The task =>
Please reproduce the listing verbatim, without its images.
*** Opening of Dataset section ***
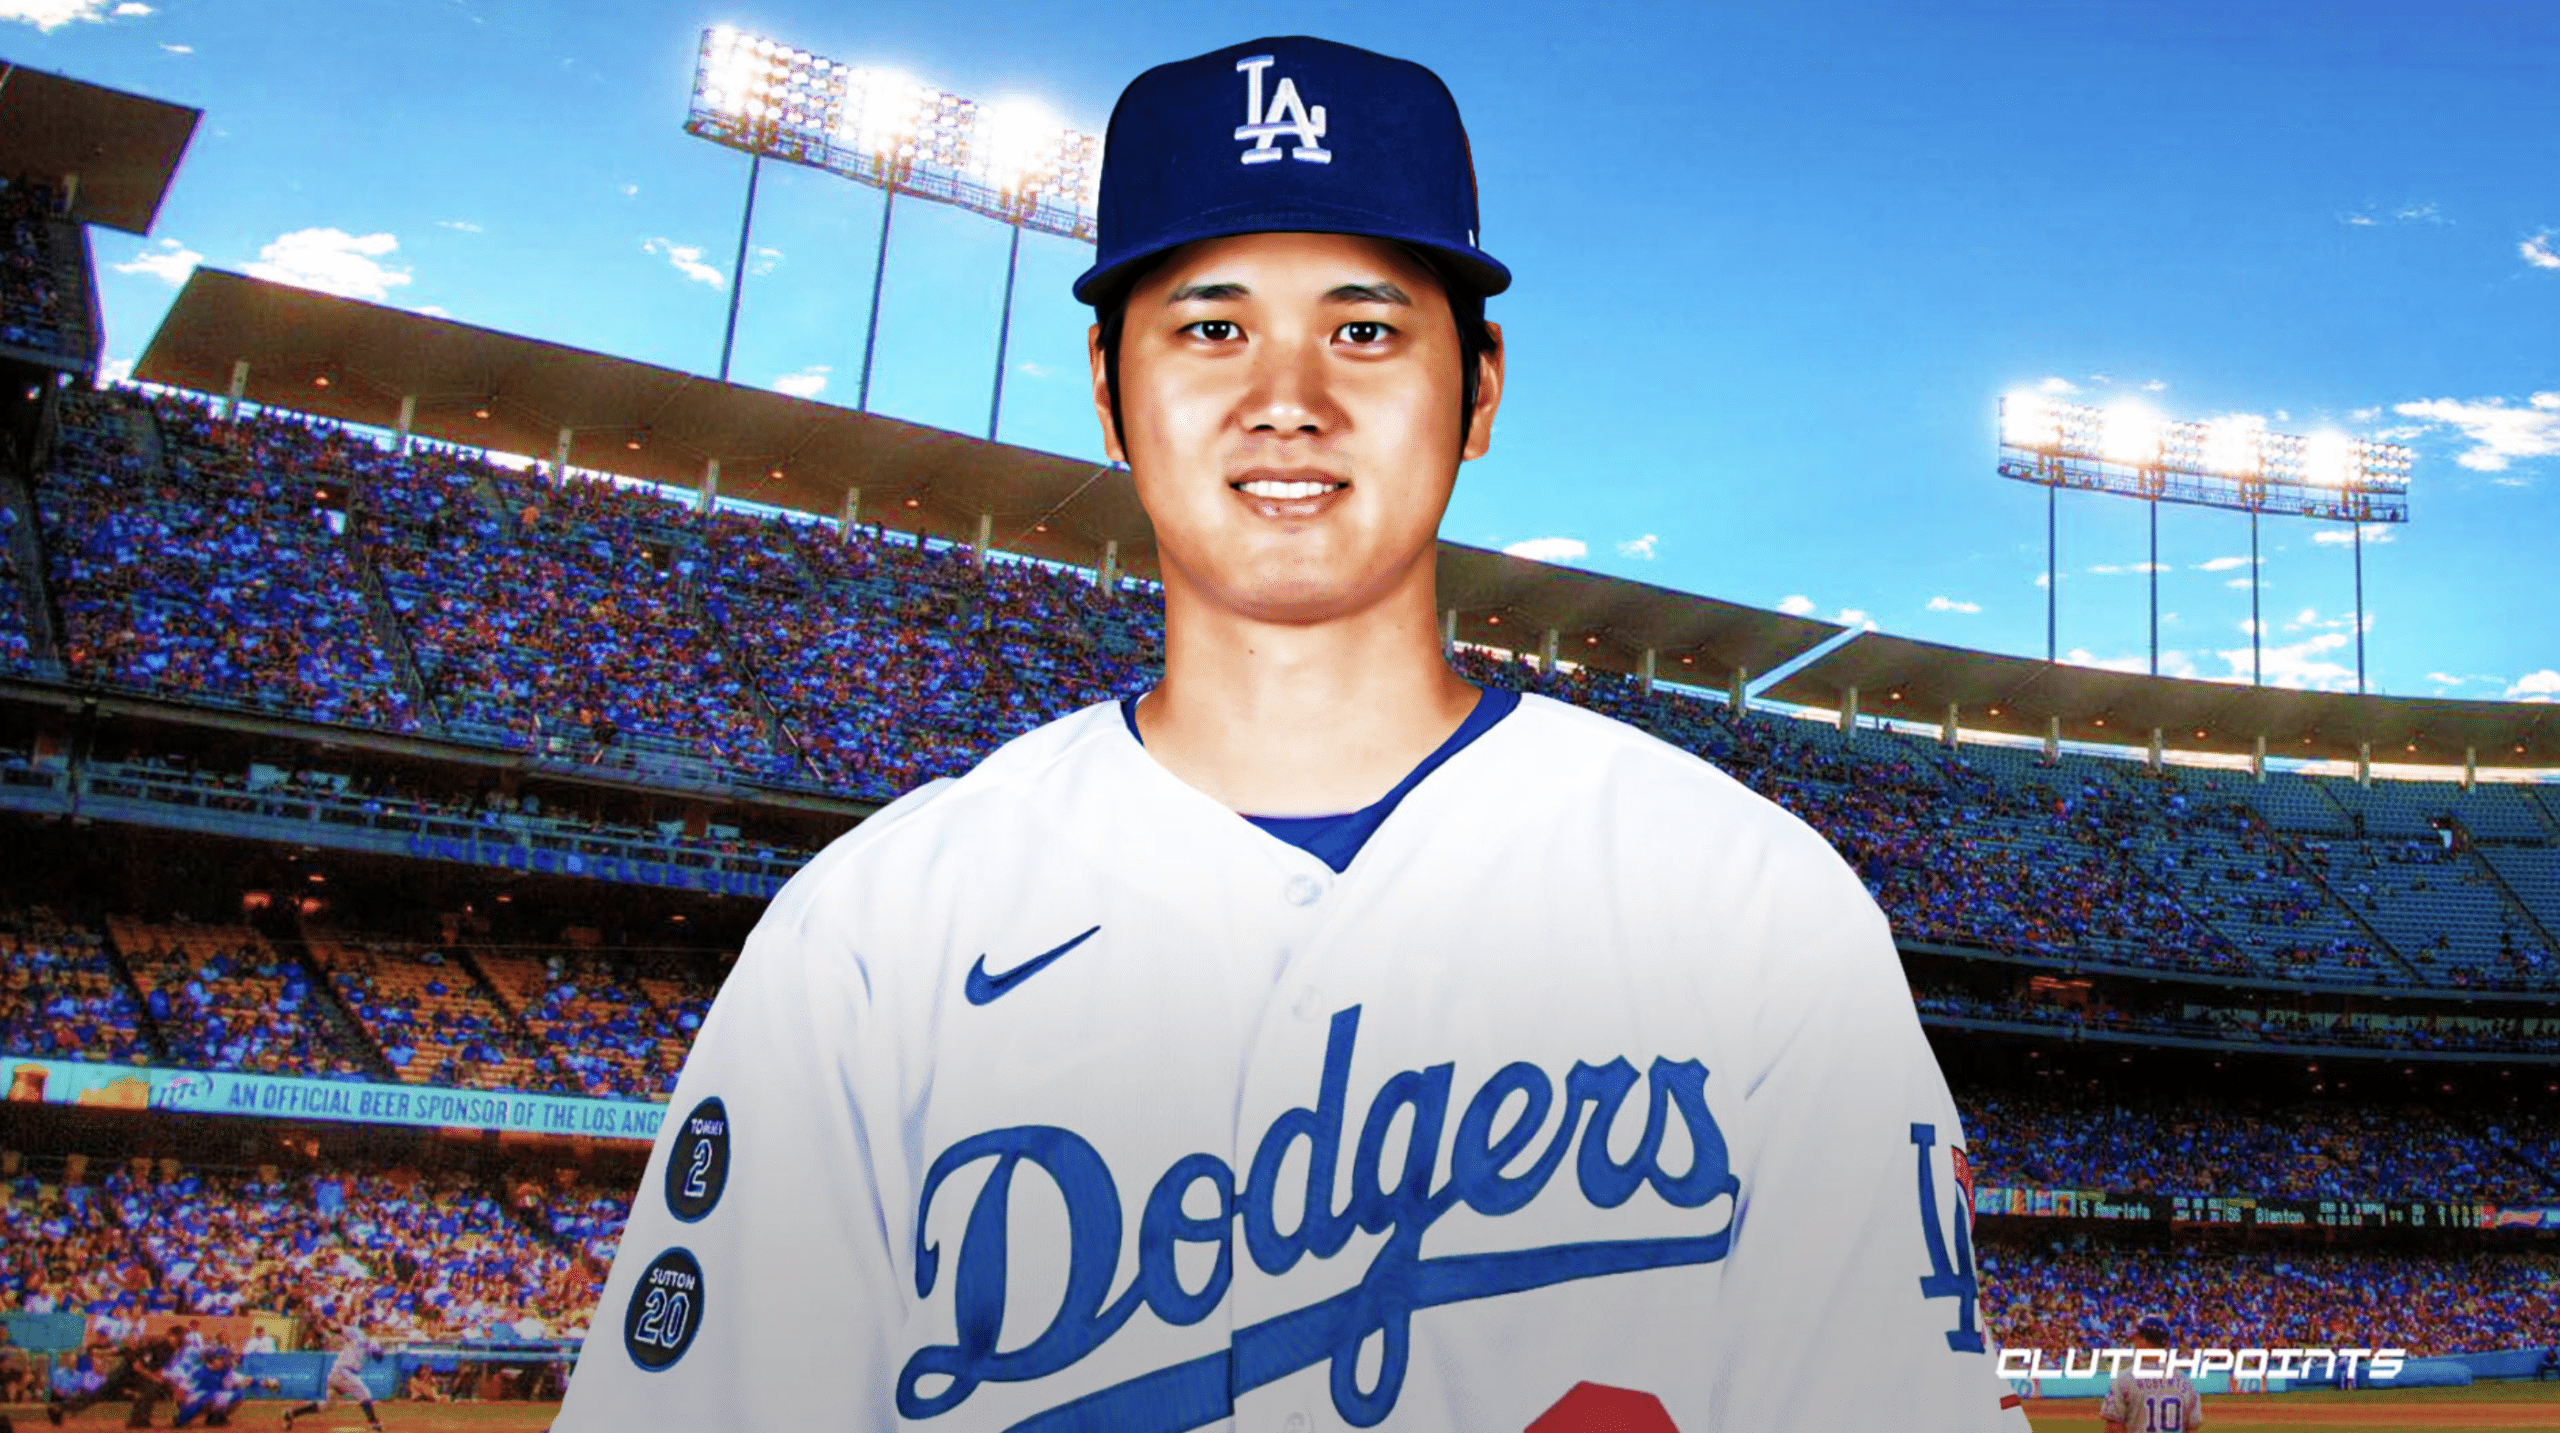 MVP Shohei Ohtani will play first game with Dodgers in Seoul
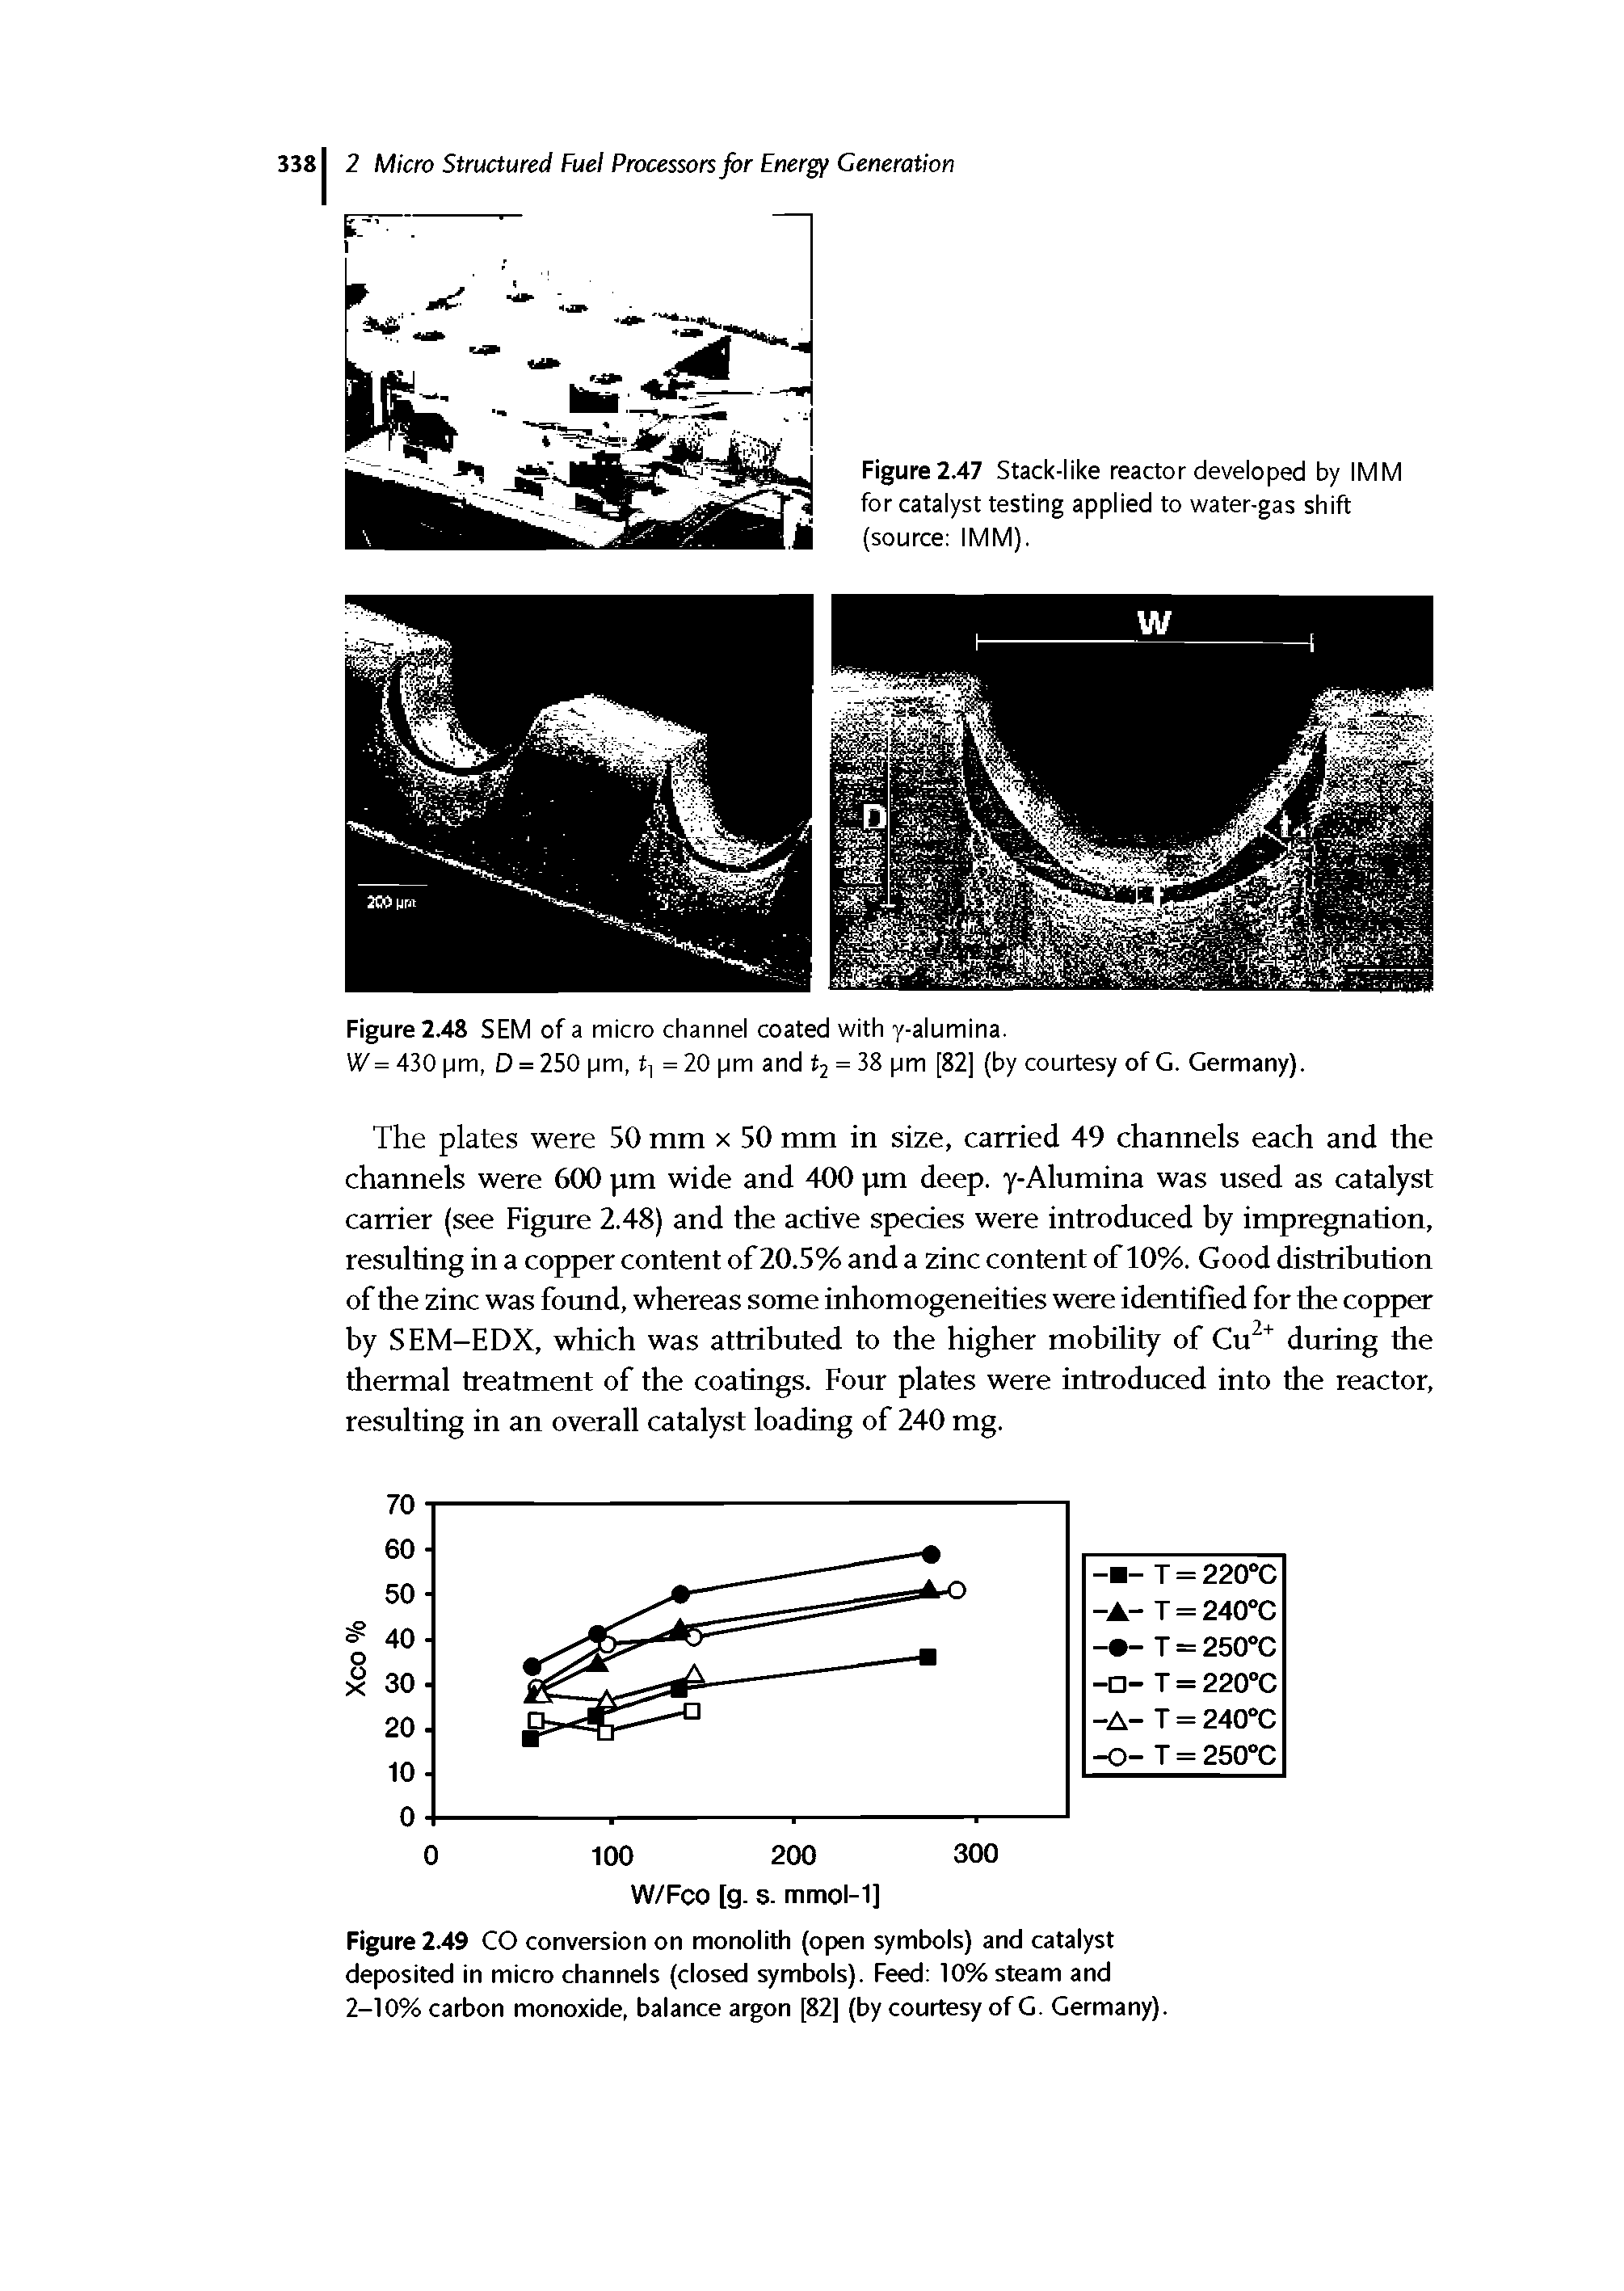 Figure 2.49 CO conversion on monolith (open symbols) and catalyst deposited in micro channels (closed symbols). Feed 10% steam and 2-10% carbon monoxide, balance argon [82] (by courtesy of G. Germany).
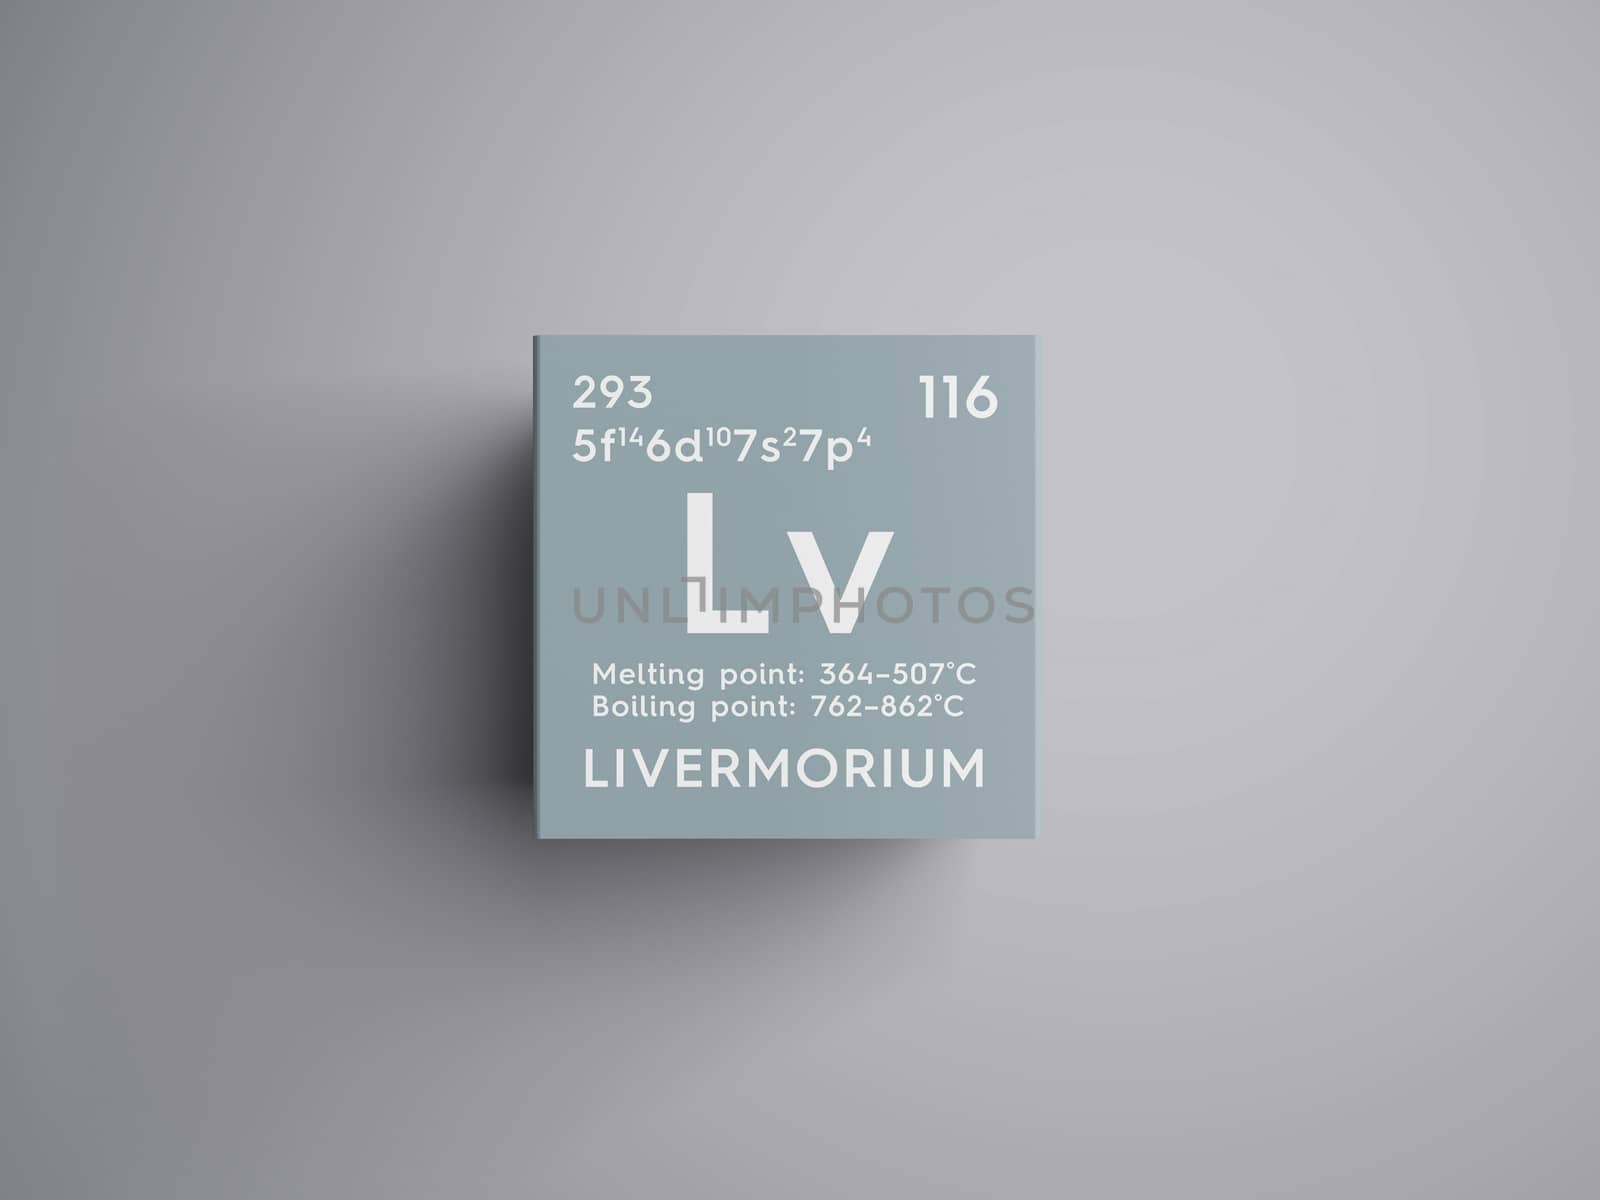 Livermorium. Post-transition metals. Chemical Element of Mendele by sanches812
*** Close of Dataset section ***
Response =>
 MVP Shohei Ohtani will play first game with Dodgers in Seoul
 Figure 2.49 CO conversion on monolith (open symbols) and catalyst deposited in micro channels (closed symbols). Feed 10% steam and 2-10% carbon monoxide, balance argon [82] (by courtesy of G. Germany).
 Livermorium. Post-transition metals. Chemical Element of Mendele by sanches812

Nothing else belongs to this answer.